Зубы Дракона — страница 75 из 124

Это была, в некотором смысле, угроза расстрелять Ланни. Американец увидел, как из этой бочки жира на него уставились холодные голубые глаза, и он понял, что этот боевой орел был смертельно опасным хищником.

— Давайте приступим к делу, мистер Бэдд. Я готов вести переговоры с вами, но я требую честное слово джентльмена, что вся предоставленная мною информация и все сделанные мною предложения останутся строго между нами и сейчас, и на будущее. Это означает именно то, что я сказал.
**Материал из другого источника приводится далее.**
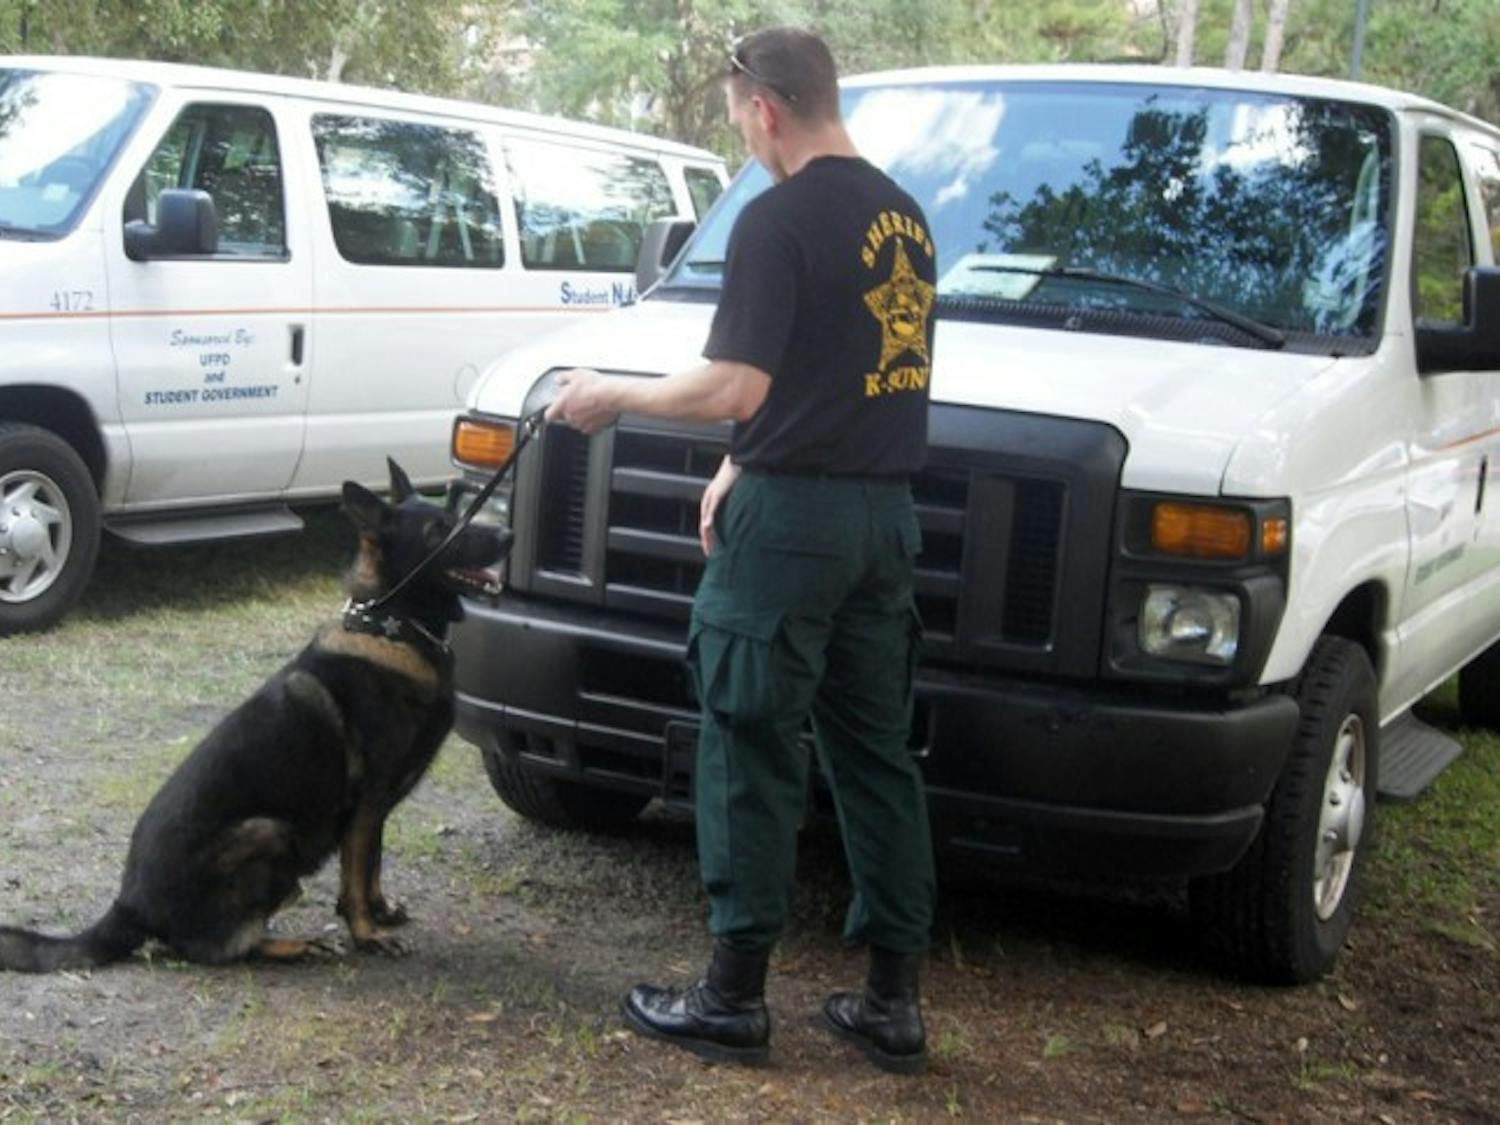 A German Shepherd police dog, Apollo, is led by Marion County Sheriff's Office Deputy Greg Combs. Apollo sniffs out narcotics for his yearly certification requirements.

Причина, почему я разговариваю с вами, заключается в том, что мне сказали, что вы человек, который держит слово.

— Я не знаю, кто так лестно отозвался обо мне, Exzellenz, но я уверяю вас, что я не имею никакого интереса в этом деле, кроме как помочь старому другу и свойственнику по браку выбраться из неприятностей. Если вы позволите мне сделать это, то можете быть уверены, что ни Йоханнес, ни я не обмолвимся словом об этом несчастном деле.

— Так случилось, что это дело было начато другими лицами, но теперь я взял на себя ответственность за него. Если вы слышали что-нибудь другое, не придавайте этому значения. Йоханнес Робин мой пленник, и я готов отпустить его на определенных условиях. На нацистских условиях, вам они могут не понравиться, и, конечно, они не понравятся ему. Вы можете предложить их ему и посоветовать ему, принять их или нет. Я не оказываю на вас никакого давления и ставлю только одно условие, которое вам указал: дело будет секретным. Вы соглашаетесь, никогда не раскрывать факты никому, и Йоханнес должен взять такие же обязательства.
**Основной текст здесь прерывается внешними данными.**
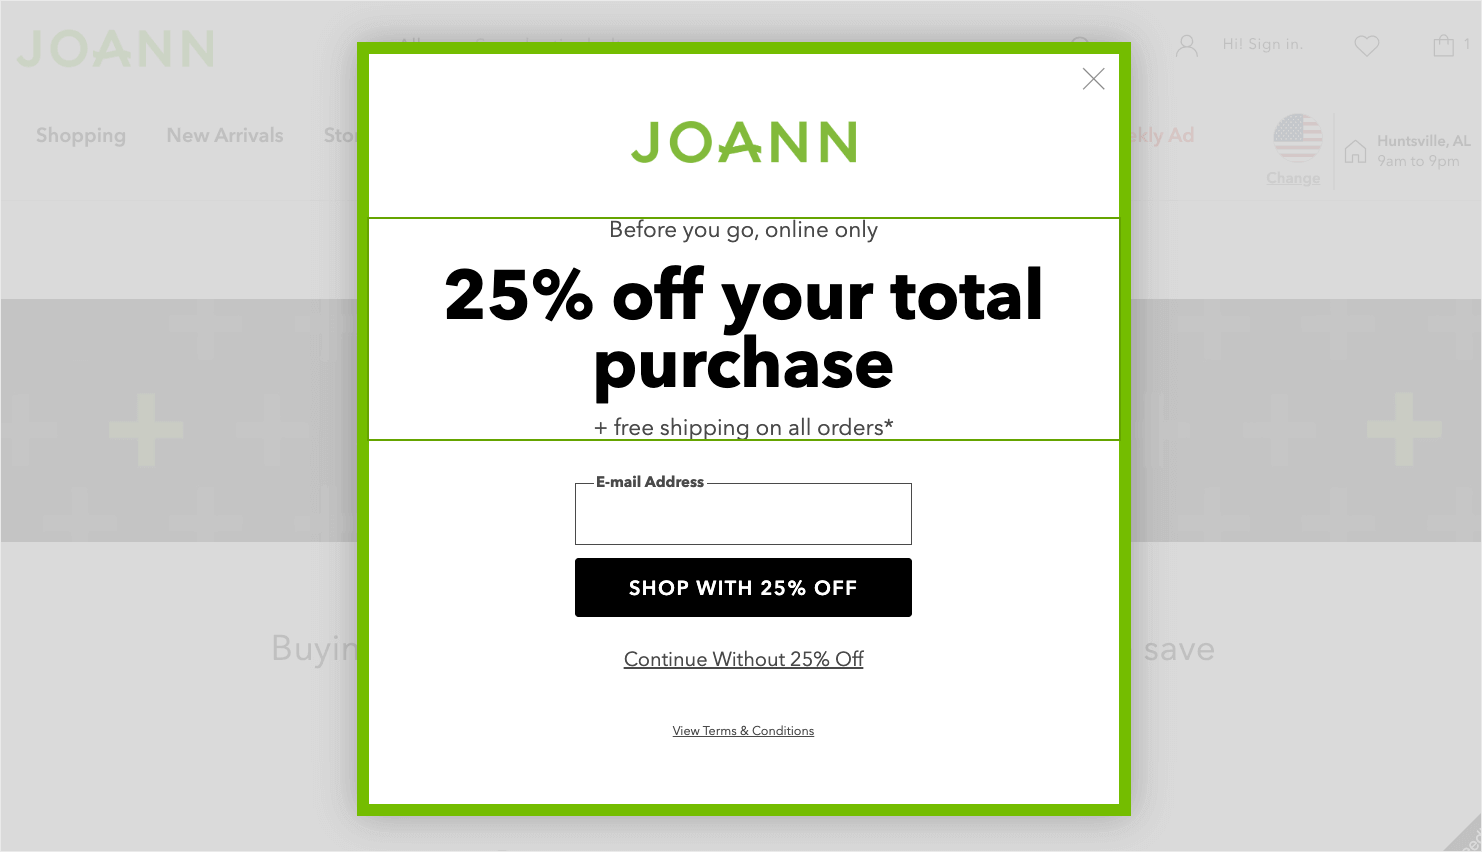 Exit popup example from Joann: "Before you go, online only. 25% off your total purchase + free shipping on all orders" There's a field for an email address. CTA button says "Shop with 25% Off." Linked text below says "Continue without 25% off"

— Предположим, что Йоханнес не примет ваши условия, Exzellenz?

— Вы будете связаны вашим обязательством вне зависимости, примет ли он или отвергнет наши условия. Он будет также связан обязательством, если он примет. А если отвергнет, то это не будет иметь никакого значения, потому что он никогда никому не скажет ни слова.
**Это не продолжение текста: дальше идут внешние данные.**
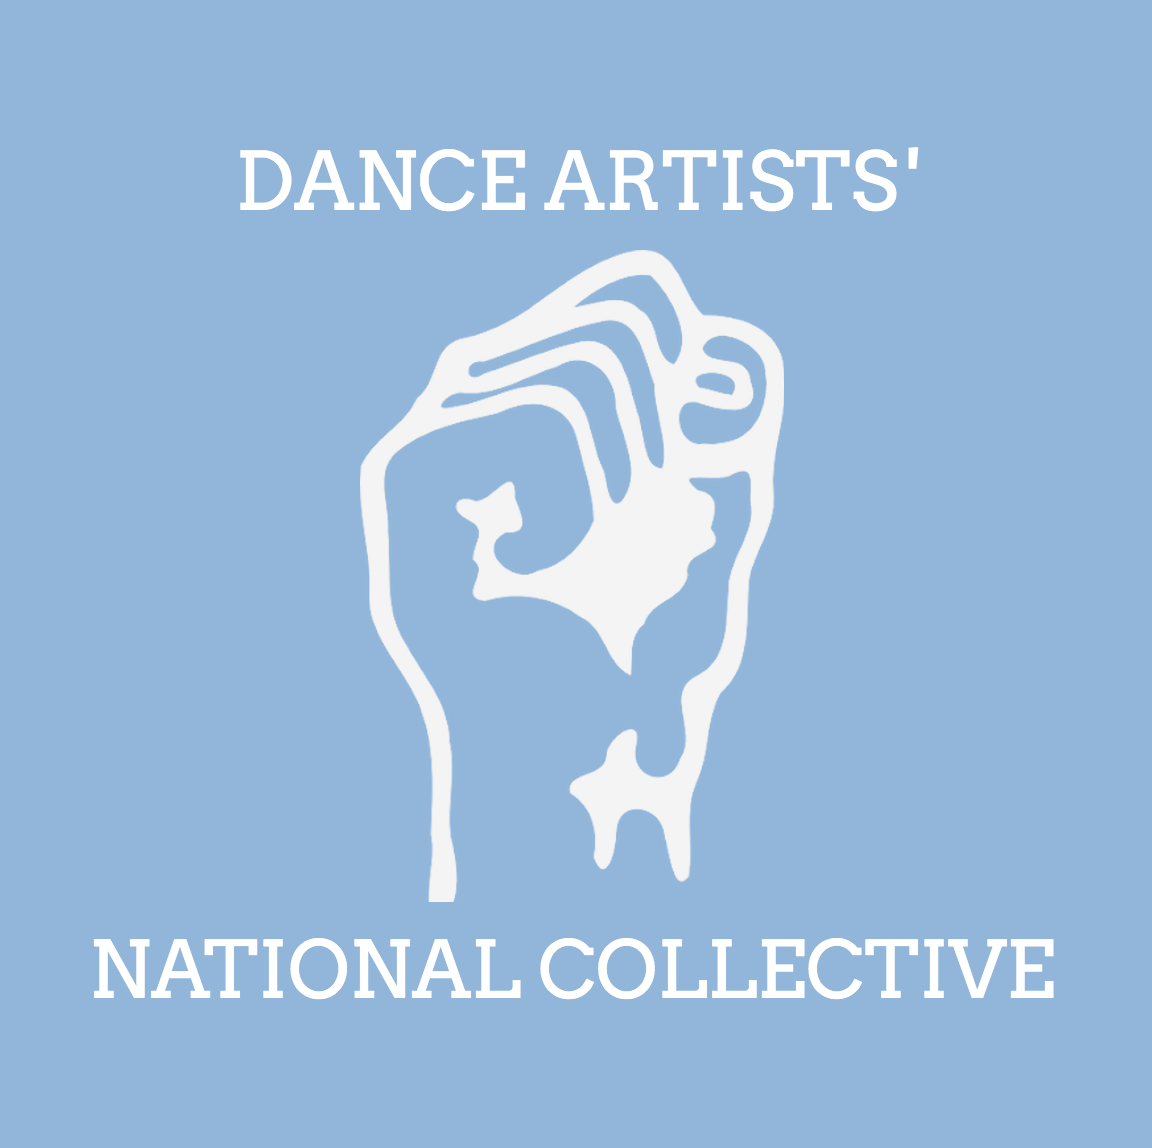 Dance Artists' National Collective with a fist against a blue background

— Всё достаточно ясно, насколько это относится к нему. Но я не понимаю, почему вы вмешали в это дело меня.

— Вы находитесь в Берлине, и вы знаете об этом деле. Я предлагаю вам возможность спасти своего друга от худшей судьбы, которую ни вы и ни он не можете себе представить. Частью цены является ваше молчание и его также. Если вы отвернете это предложение, вы будете свободны, выехать из страны и говорить, что угодно, но вы приговорите вашего еврея к смерти, которые я постараюсь сделать мучительней насколько это возможно.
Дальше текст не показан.